- [Information supplied]:
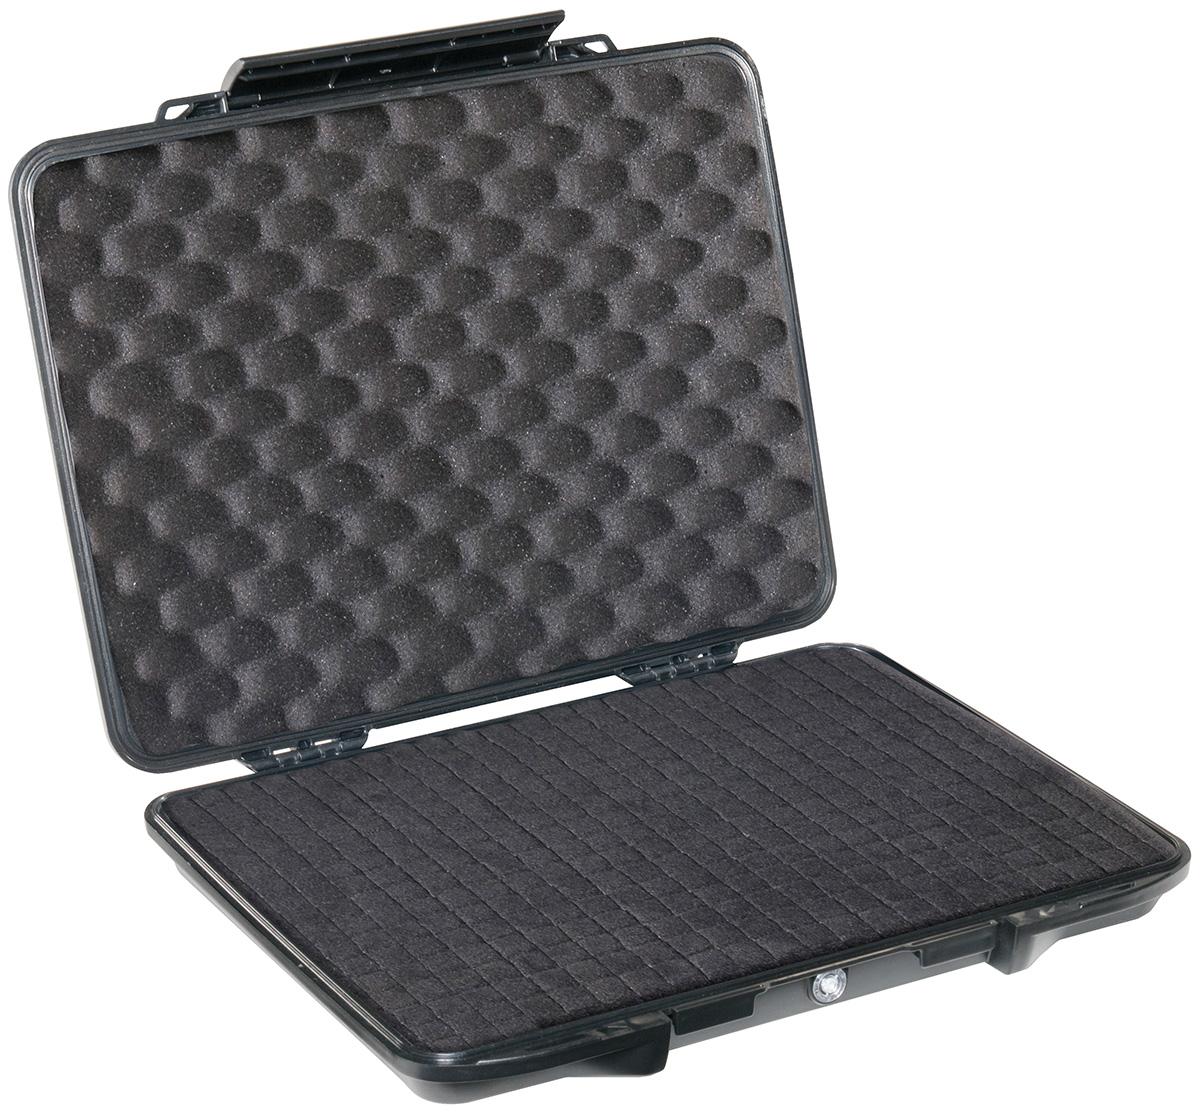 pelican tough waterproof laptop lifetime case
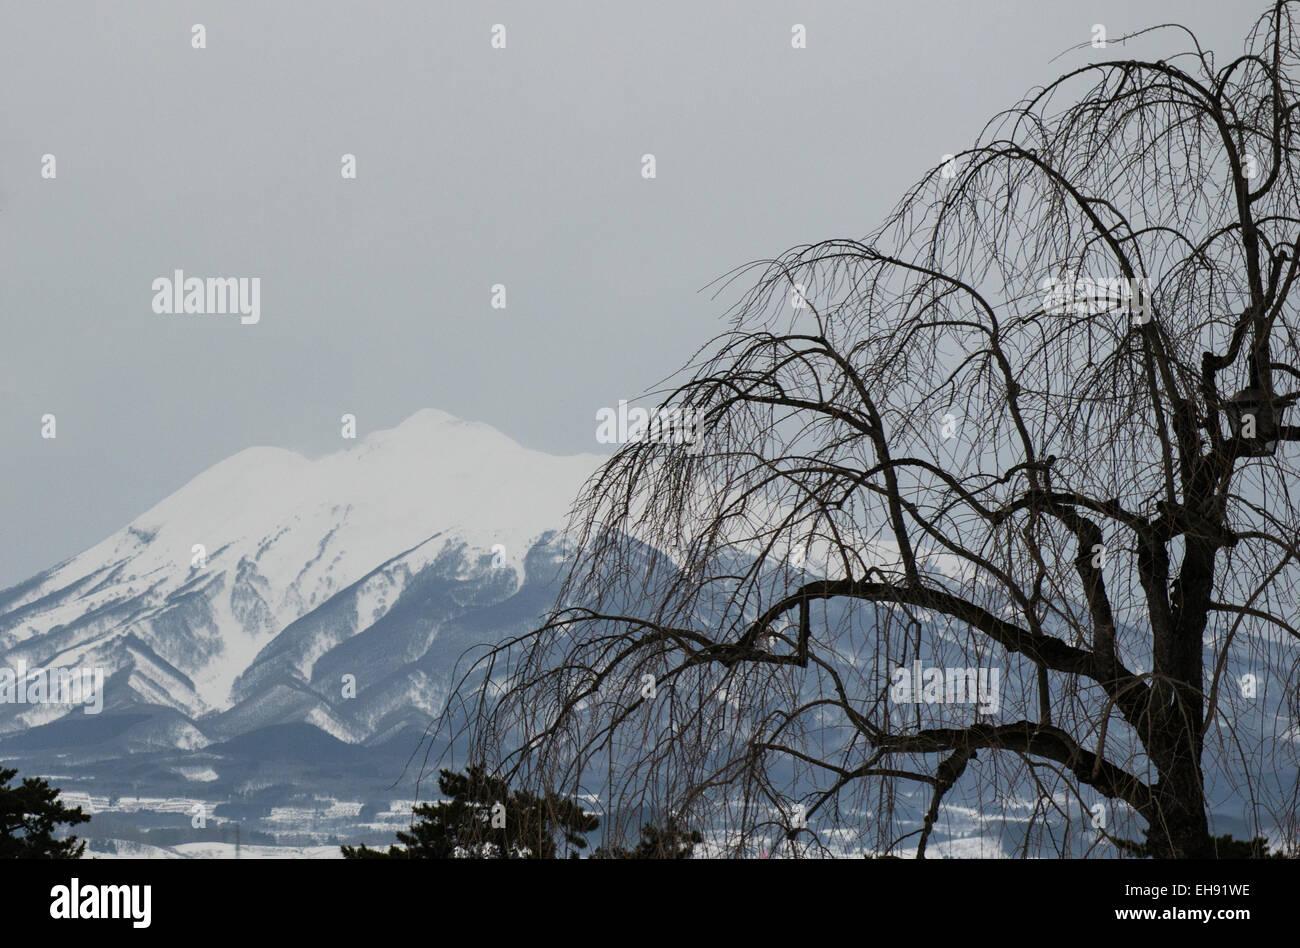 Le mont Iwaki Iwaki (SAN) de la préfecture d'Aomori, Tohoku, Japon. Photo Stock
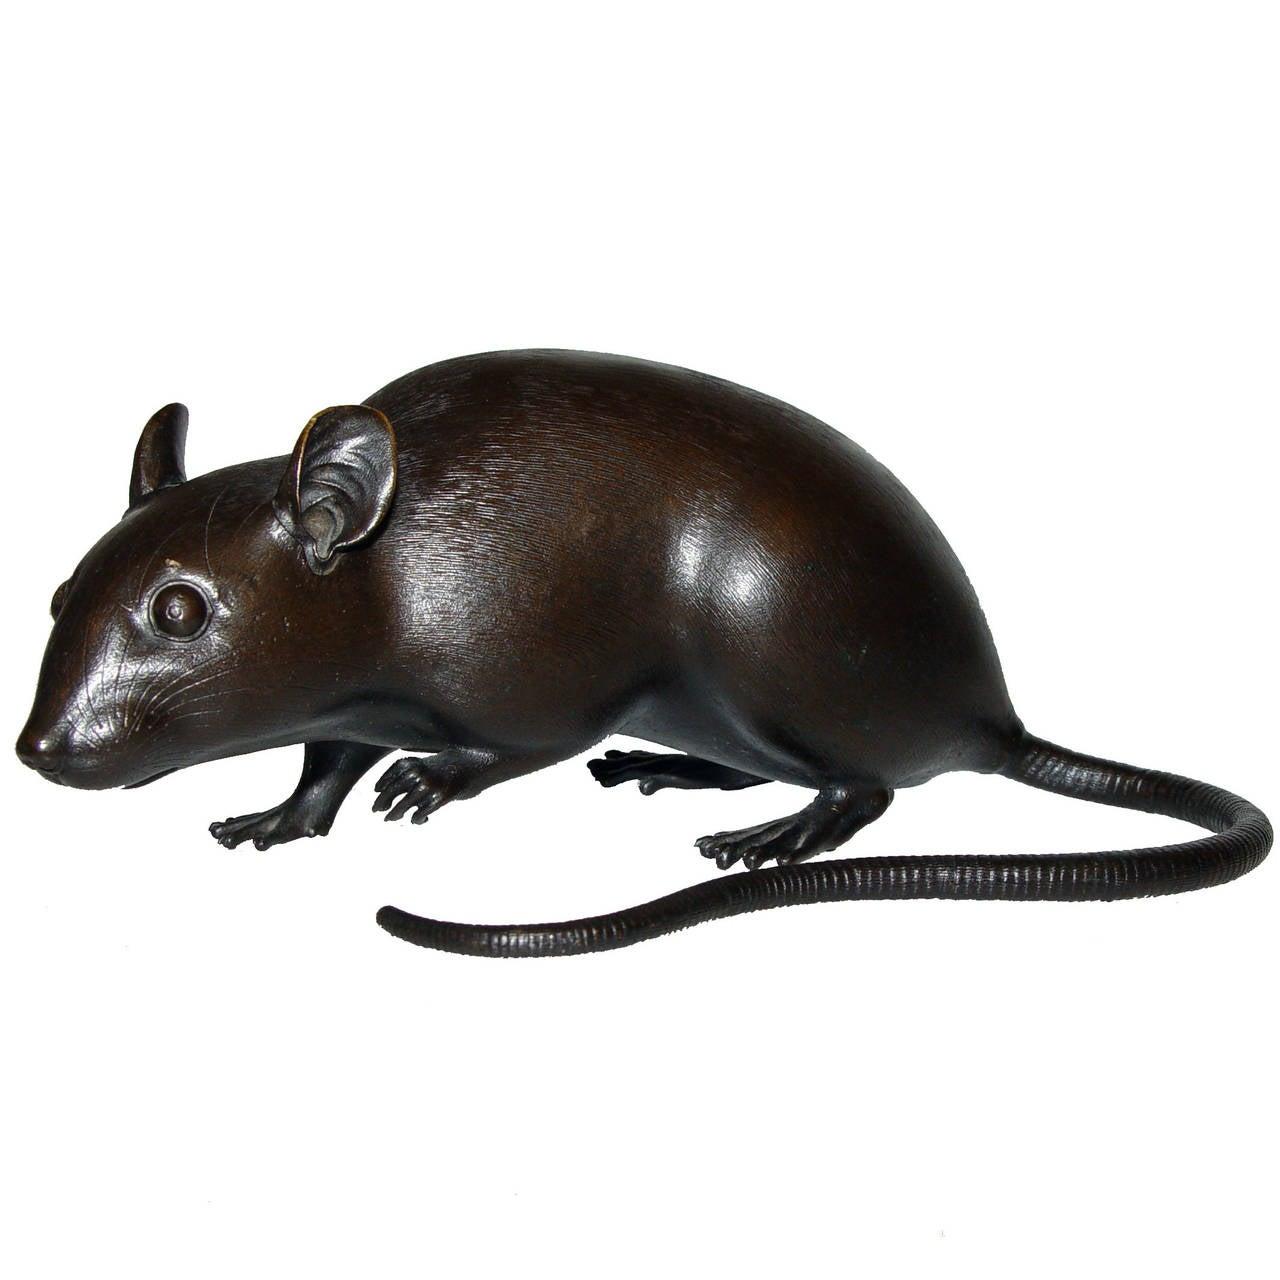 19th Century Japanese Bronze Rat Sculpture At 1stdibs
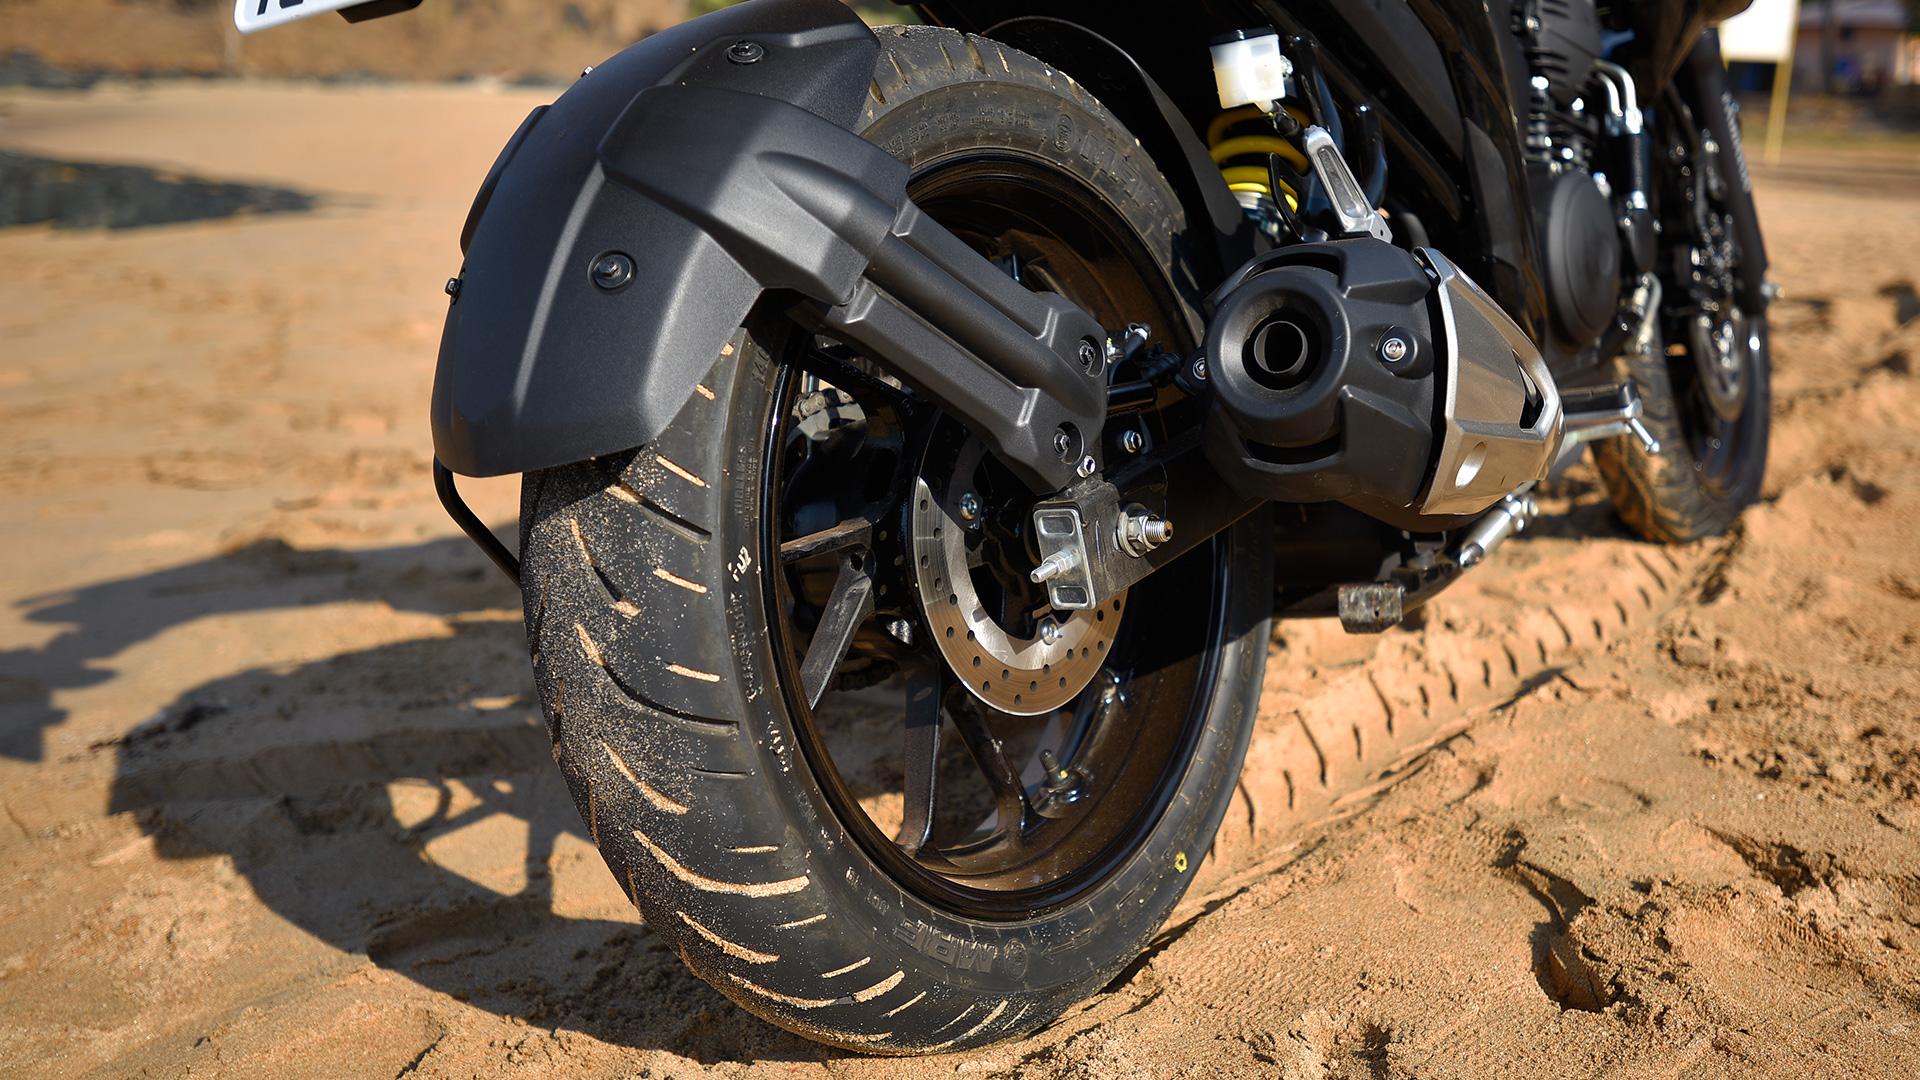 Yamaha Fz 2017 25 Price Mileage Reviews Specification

- [Work to be completed]: Text only, please: give the listing again word for word with no images.

- [Response area]:
 pelican tough waterproof laptop lifetime case
 Le mont Iwaki Iwaki (SAN) de la préfecture d'Aomori, Tohoku, Japon. Photo Stock
 19th Century Japanese Bronze Rat Sculpture At 1stdibs
 Yamaha Fz 2017 25 Price Mileage Reviews Specification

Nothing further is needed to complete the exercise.